Japan is clearing up after the deadliest typhoon in a decade killed at least 67 people. At least 21 others are missing after the storm hit on Wednesday. Typhoon Tokage reached speeds of 229 km/h as It battered the south-west, forcing thousands to evacuate amid the threat of mudslides.

Television pictures showed powerful gusts uprooting huge trees, cars stranded in flash floods and delivery trucks lying on their sides. Coastal defences

crumbled and houses and cars were swept away by floods. Near the city of Kyoto, 37 elderly tourists were rescued after spending the night on the roof of their bus, stranded by floods.

Tokage - the Japanese word for lizard - was the 10th major storm to make landfall in Japan this year. At its peak, it stretched across an 800km radius. "The main reason why the typhoon caused such huge damage is that its size is big... That means the typhoon affected almost all of Japan for a long time with rains and winds," a Meteorological Agency official told Reuters news agency. "Such a huge typhoon is very rare," he said.

Many of those killed were either drowned or buried in some of the more than 280 landslides which took their heaviest toll in southern Japan. Parts of the south, especially in Miyazaki Prefecture, were virtually shut down with public schools closed and transport services suspended. Almost 1,000 domestic flights were cancelled, affecting some 127,000 passengers. Bullet trains linking Tokyo and Osaka were suspended due to heavy rain triggered by the typhoon, but resumed services late on Wednesday.

The meteorological agency warned that waves of up to 9m (30 feet) could hit southern coastlines, and heavy rain would continue to pound parts of southern Kyushu and Shikoku islands into early Thursday. Chief Cabinet Secretary Hiroyuki Hosoda promised government help for affected areas."I would like to express my heartfelt condolences...

We will take all possible measures," he told reporters.

Typhoons develop when the ocean is warm and the atmosphere is unstable. Cool winds push hot air up from the water in a column. Moisture is carried up with it, spinning and releasing latent energy as it goes. This disturbs the atmosphere even more, increasing the wind and setting into motion a self-generating turbulence which swirls around an area of trapped air; the 'eye'. This weather system is called a cyclone.

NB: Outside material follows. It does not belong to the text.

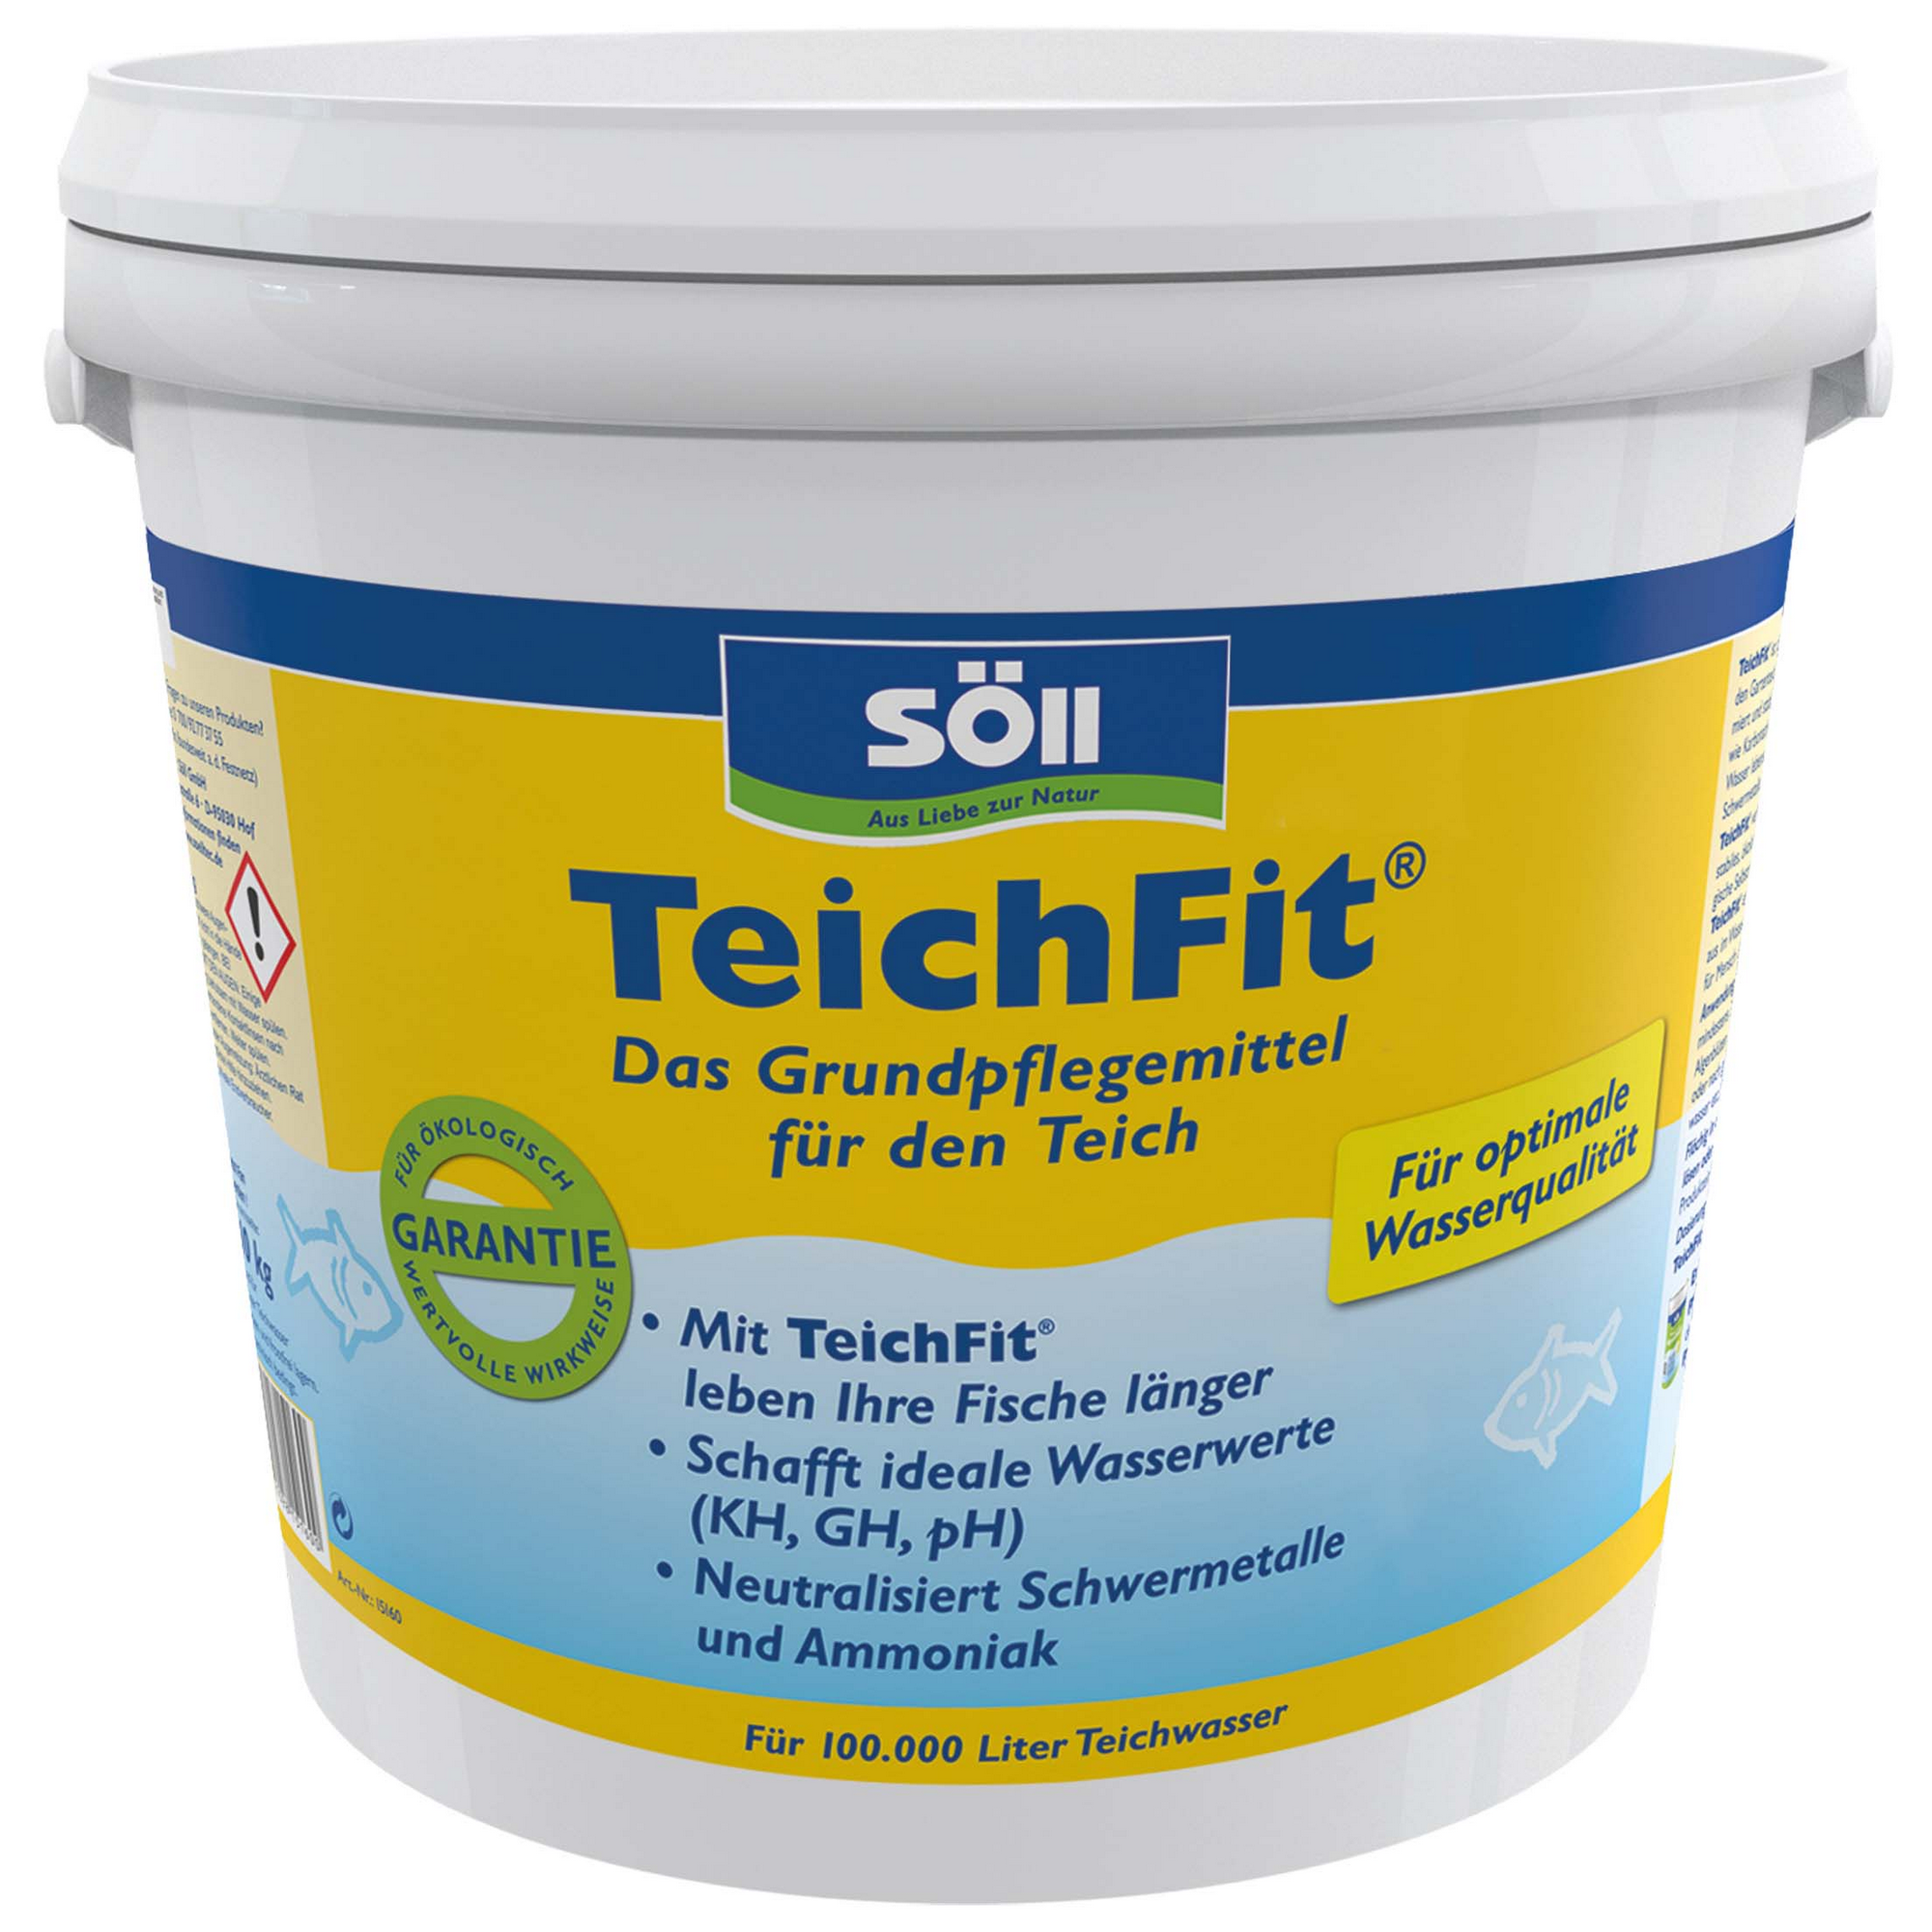 TeichFit 10 kg + product picture

Cyclones circulate counter clockwise in the Northern Hemisphere and clockwise in the Southern Hemisphere. When the winds reach 118kmp the cyclone is reclassified. If it occurs in the North Atlantic Ocean, the Northeast Pacific east of the dateline, or in the South Pacific east of 160E, it will be called a hurricane. If it's in the Northwest Pacific Ocean west of the dateline, it'll be called a typhoon.

Each individual storm also gets a special name. It was always a woman's up until political correctness struck in 1987. Now, just in case anyone got the idea that meteorologists think women have the worst tempers, these climatic tantrums alternate between male and female names.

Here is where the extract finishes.